In Question 4, this paper discusses the general equilibrium effect of health insurance. The existing literature often uses a partial equilibrium framework, that is, given the entire medical market remains unchanged, to discuss the impact of health insurance expansion or changes in the reimbursement rate on various outcomes. However, health insurance reforms might affect individuals’ decision making (demand side) as well as providers’ behavior (supply side). We evaluate the impact of China’s New Cooperative Medical Scheme (NCMS) expansion, and find that it not only affects individuals’ healthcare utilization and health outcomes, but also has significant impacts on the public hospitals’ income and expenditure, and increases the number of start-ups and patent applications in the pharmaceutical industry.
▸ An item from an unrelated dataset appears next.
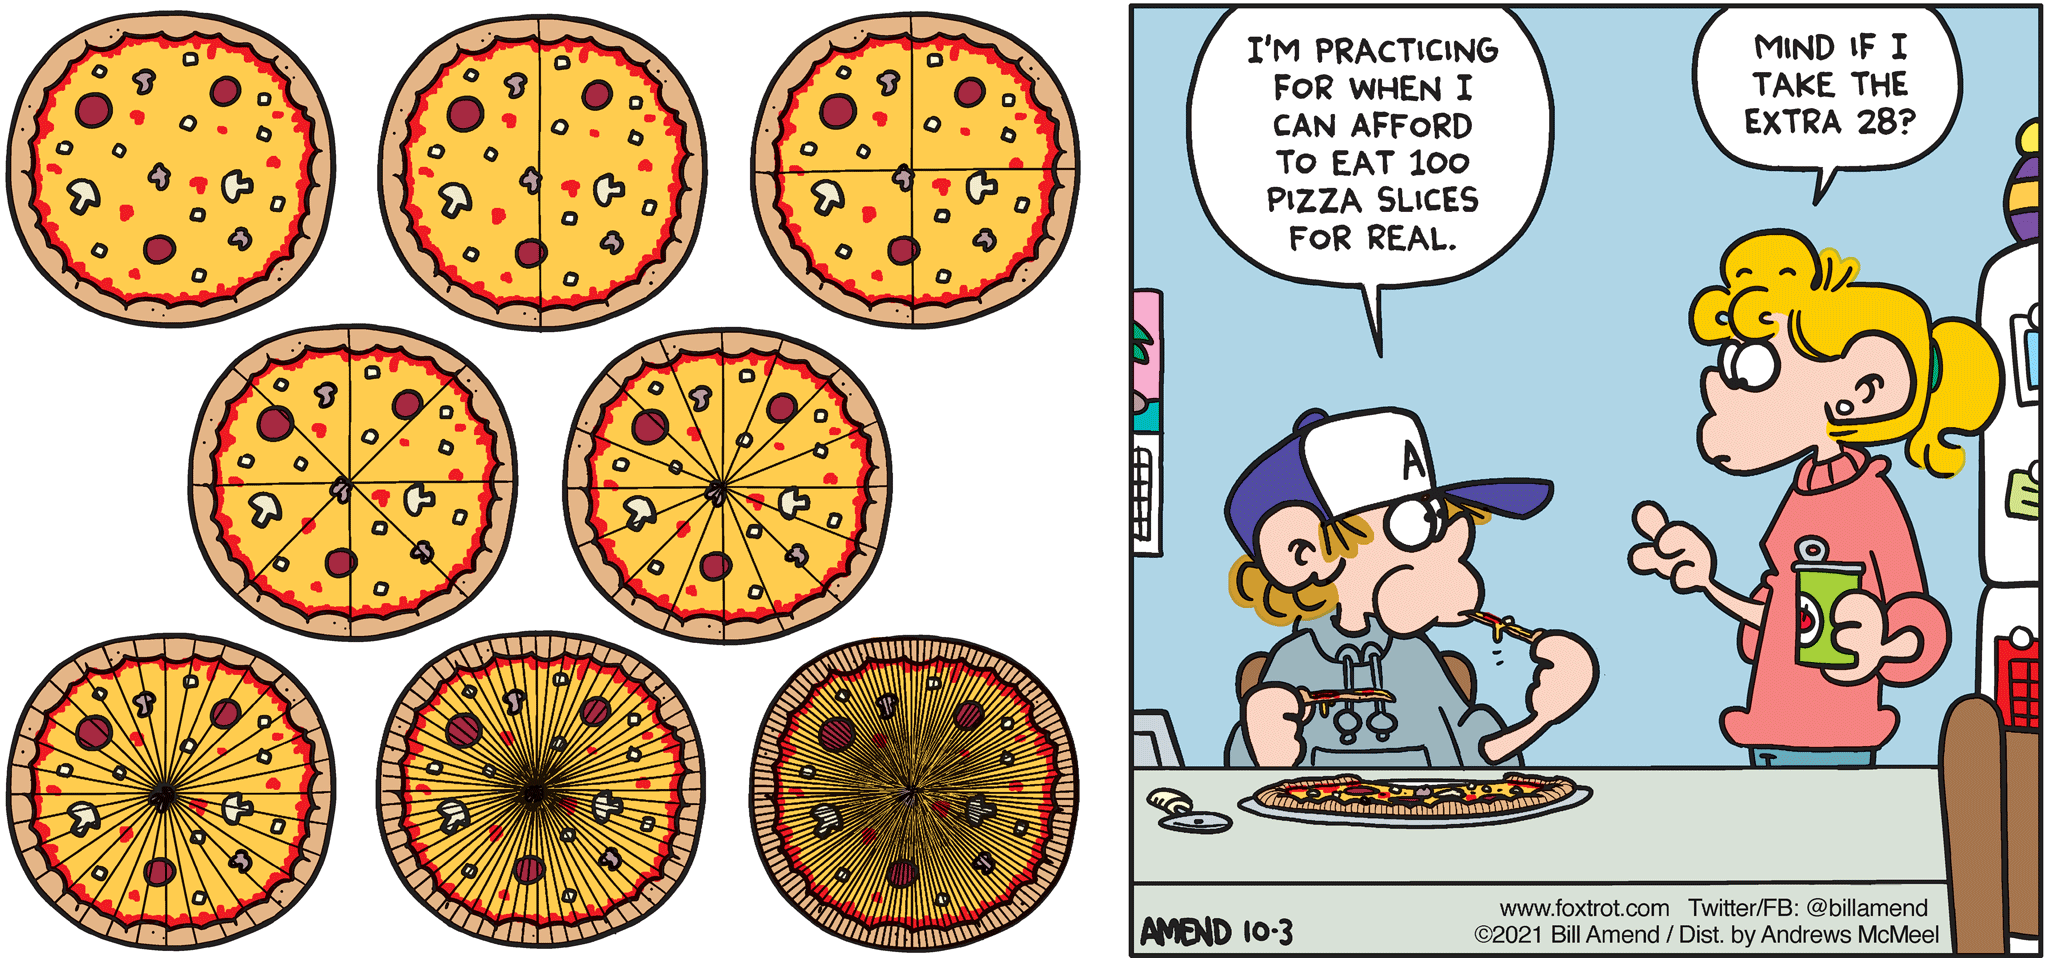 FoxTrot comic strip by Bill Amend - "Pizza Practice" published October 3, 2021 - Peter Fox: I'm practicing for when i can afford to eat 100 pizza slices for real. Paige Fox: Mind if I take the extra 28?

These preliminary results suggest that the impacts of health insurance on providers’ behavior cannot be ignored. In future studies, researchers should broaden their analytical perspectives and further explore the general equilibrium effects of health insurance.
We believe that Chinese researchers can dig out newer research questions as well as fresher analytical perspectives by combining Chinese reality with big data and the latest empirical approaches. China’s stories and experiences will boost the development of literature on moral hazard in health economics and provide valuable lessons for the improvement of the health financing system in China and other countries.